The results of the in-vitro MPI experiment are displayed in Fig. 2. MPI reconstructions of free (a) and cell-bound (b) MNP-distributions of representative time frames are shown before and after injection of THP-1 cells. The sum of the intensities along the z-axis is presented in each case, to visualize the 3D dataset in a 2D image. The control measurement performed by injecting PBS without any THP-1 cells, showed no significant influence on the reconstructed images of free MNPs and no detection of cell-bound MNPs. Qualitatively, there were no significant differences detected in the reconstructions of free MNPs at different time steps. These were only visible when high numbers of cells were injected. Minor boundary artifacts can be observed starting at about 10 min after injection. Increasing the number of injected cells, led to a formation of cell-bound MNPs at the same position as the free MNPs with increasing intensities over time.
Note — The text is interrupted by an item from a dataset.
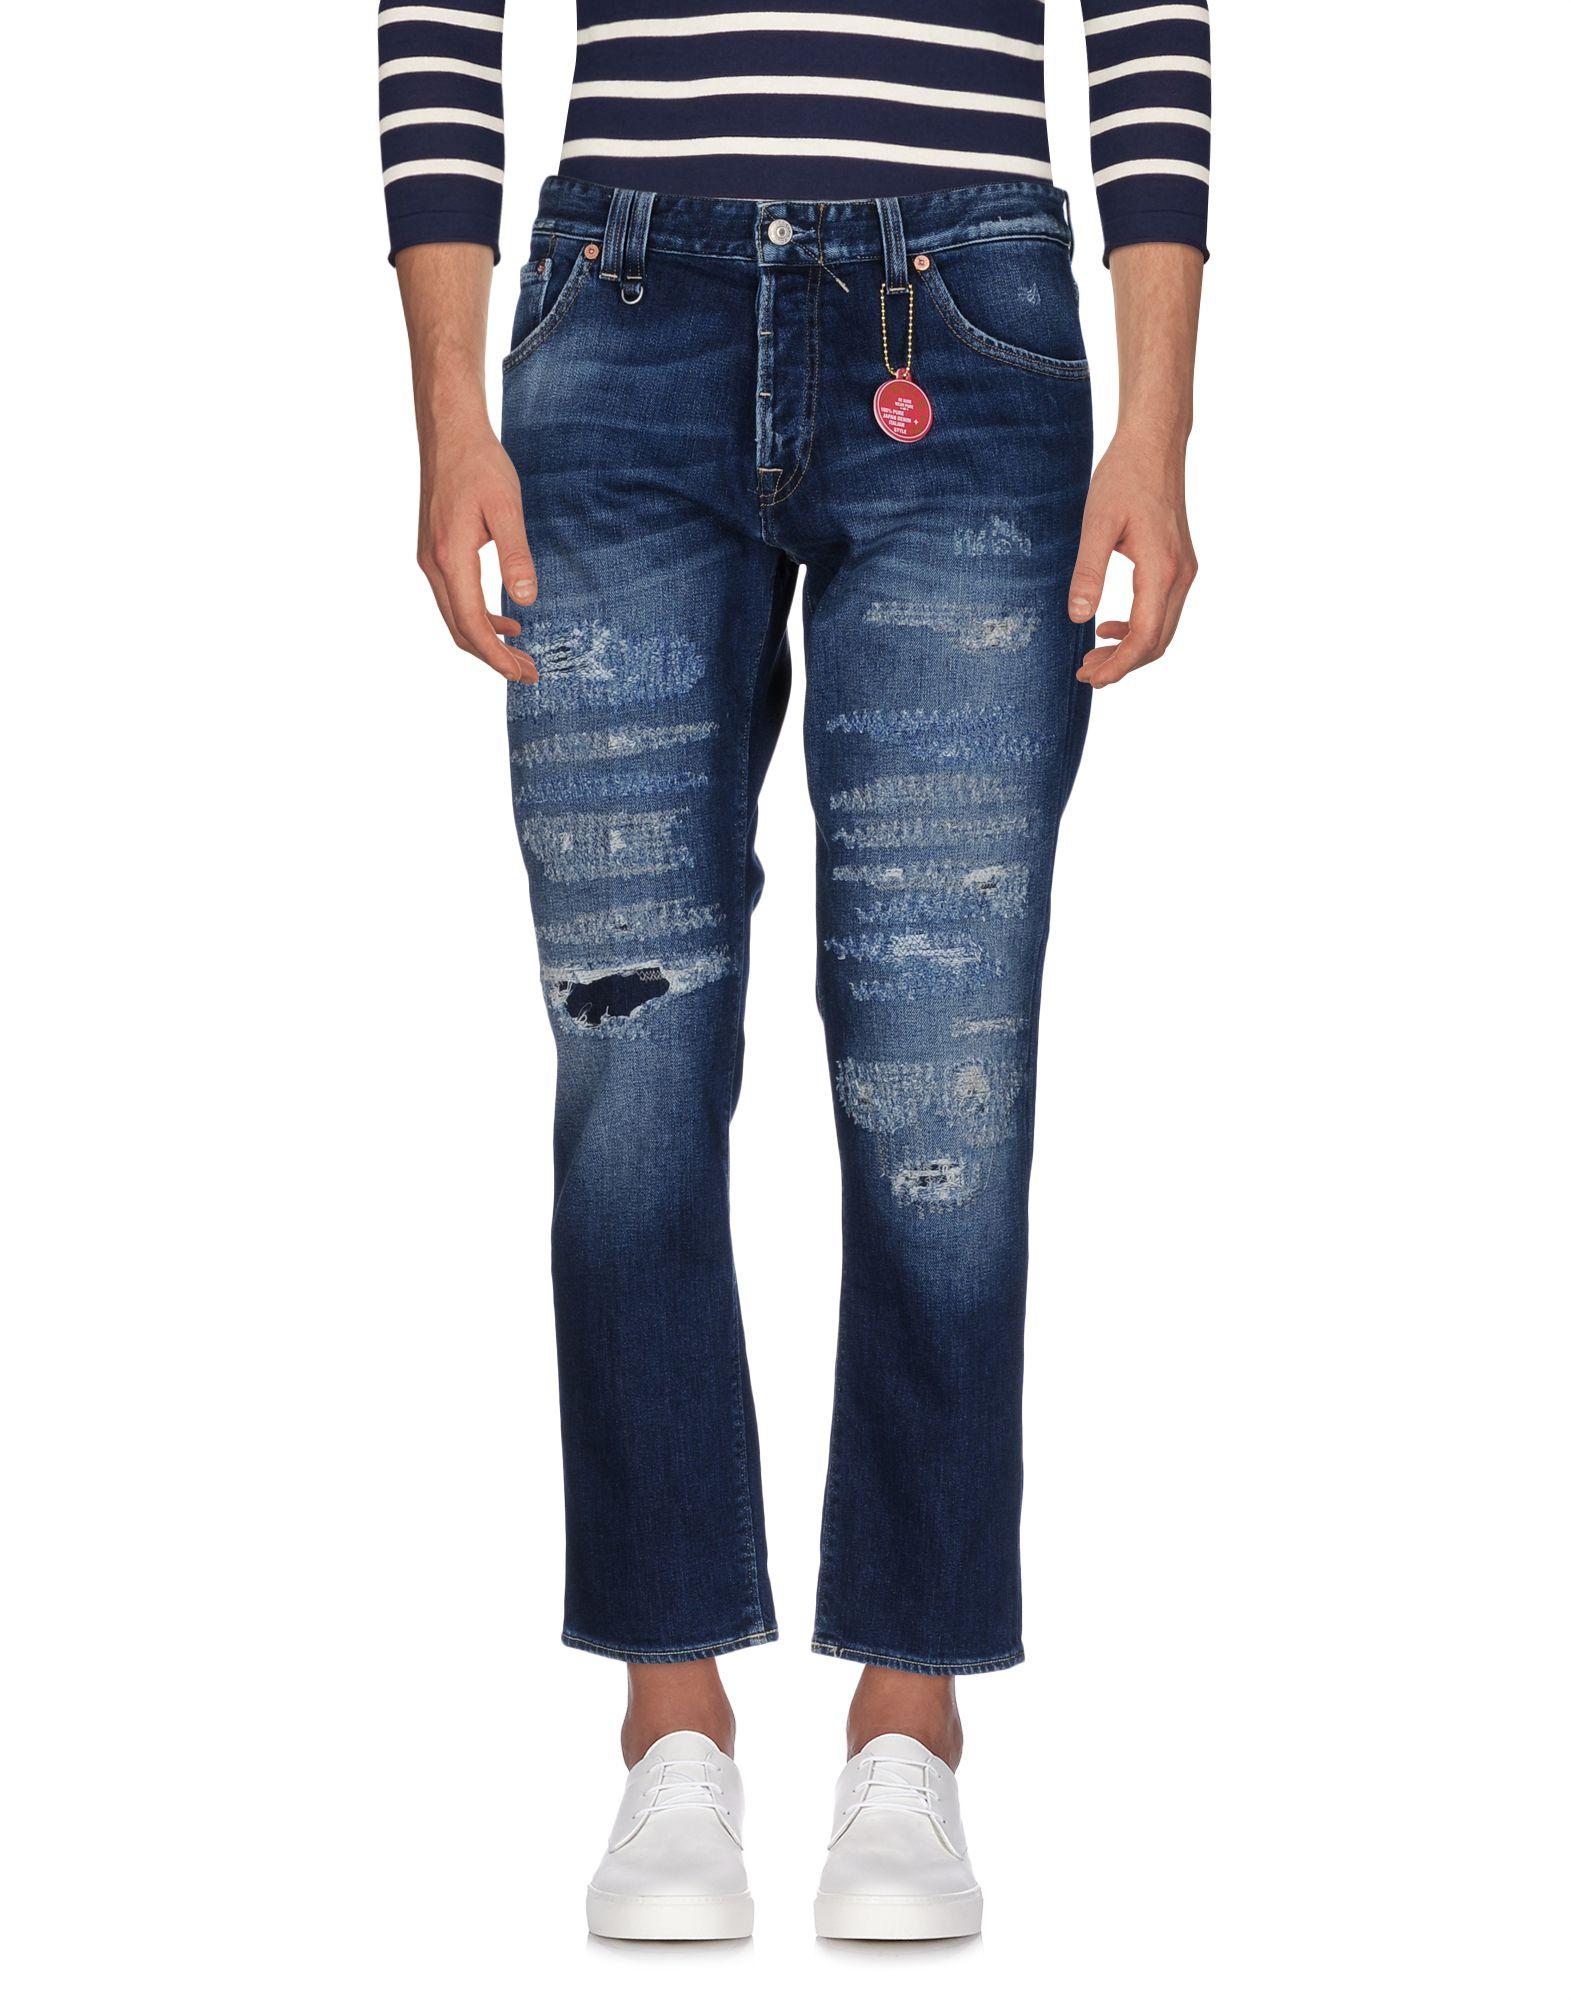 Pantaloni Jeans Cycle Uomo - Acquista online su

The quantified iron amounts of free and cell-bound MNPs were extracted from the reconstructions and are displayed over time in Figs. 3a,b. After cell-injection, the amount of free MNPs decreases over time. The more cells were injected, the stronger the measured decrease of free MNPs. Simultaneously, the quantified values of cell-bound MNPs increases over time, also scaling with the number of injected cells. Saturation was reached after 10–15 minutes for all measurements. For each measurement, the quantified values of cell-bound MNPs were determined ≈30 minutes after injection and the average loading per cell was calculated to be mFe = (67 ± 19) pg.
The relative deviation of the total iron amount (ΔmFe) is displayed over time in Fig. 3c. Overall, the deviation increases with the number of injected cells. The largest deviation was determined after injecting 106 THP-1 cells, overestimating the total iron mass by 25.4%. The control experiment, performed by injection of PBS without cells, showed no significant changes in the quantified free and cell-bound iron masses. However, there was a small decrease below 5% of the free iron mass within the whole acquisition time. All reconstructed MPI images can be found as animated versions together with the quantification results in the Supplementary Data.
The quantified iron amounts of the reference experiments, performed using the phenanthroline-based iron assay method, are displayed in Fig. 4. Each data point represents the averaged iron mass acquired from three independent measurements with the standard deviation visualized as error bars. Qualitatively, similar behaviour as in the MPI measurements can be observed. The free amounts of MNPs were decreasing over time until a saturation is reached after about 10–15 minutes. Simultaneously, the amount of cell-bound MNPs increased. The higher the number of injected cells, the stronger this effect was observed. After 30 minutes of MNP-cell exposure the average iron mass per cell was determined to be mFe = (80 ± 22) pg per cell. Figure 4c displays the relative deviation of the total iron mass, showing an underestimation of the total iron amount of up to −22%. These deviations are likely caused by the required washing steps (removal of the supernatant from the cell pellet and evaporation using a speedvac), which lead to losses of unbound MNPs and hence an underestimation of free MNPs.
Discussion
The central finding of this study is that the distribution of free and cell-bound Synomag can be separated by our extended MPI image reconstruction based on different magnetic signals. This was achieved by incorporating the different magnetic signals generated by Synomag diluted in water and after cellular internalization into the MPI image reconstruction. This allowed for both the visualization and quantification of the cellular uptake of Synomag by THP-1 cells with a high temporal resolution of 2.15 s.
A decrease in the amount of reconstructed free MNPs and an increase in the amount of cell-bound MNPs over time supports the assumption that MNPs were accumulating in the cells. A similar pattern was observed when MPI results were qualitative compared with the results acquired with the reference experiment (phenanthroline-based iron assay). Both show a consistent decrease of free and increase of cell-bound MNPs until saturation is reached after about 10–15 minutes. This rapid cellular uptake of electrostatically stabilized MNPs is in accordance with previous studies using different particle systems23. There is a relative difference (23.8%) between the quantified values of cell-bound MNPs determined by MPI and the phenanthroline-based iron assay. Overall the MPI results acquired from measurements with high number of injected cells agree better with the phenanthroline results compared to low number of injected cells. This is probably due to interference from background noise or other signal sources, which, at very low concentrations of cell-bound MNP and the associated weak raw signal, makes exact identification and quantification difficult. Strong differences were observed when comparing the quantified values of free MNPs. These were likely the result of the loss of MNPs during the required washing and vacuum evaporation steps associated with the phenanthroline-based iron assay. As these steps mainly affect unbound MNPs, the amount of free MNPs was underestimated.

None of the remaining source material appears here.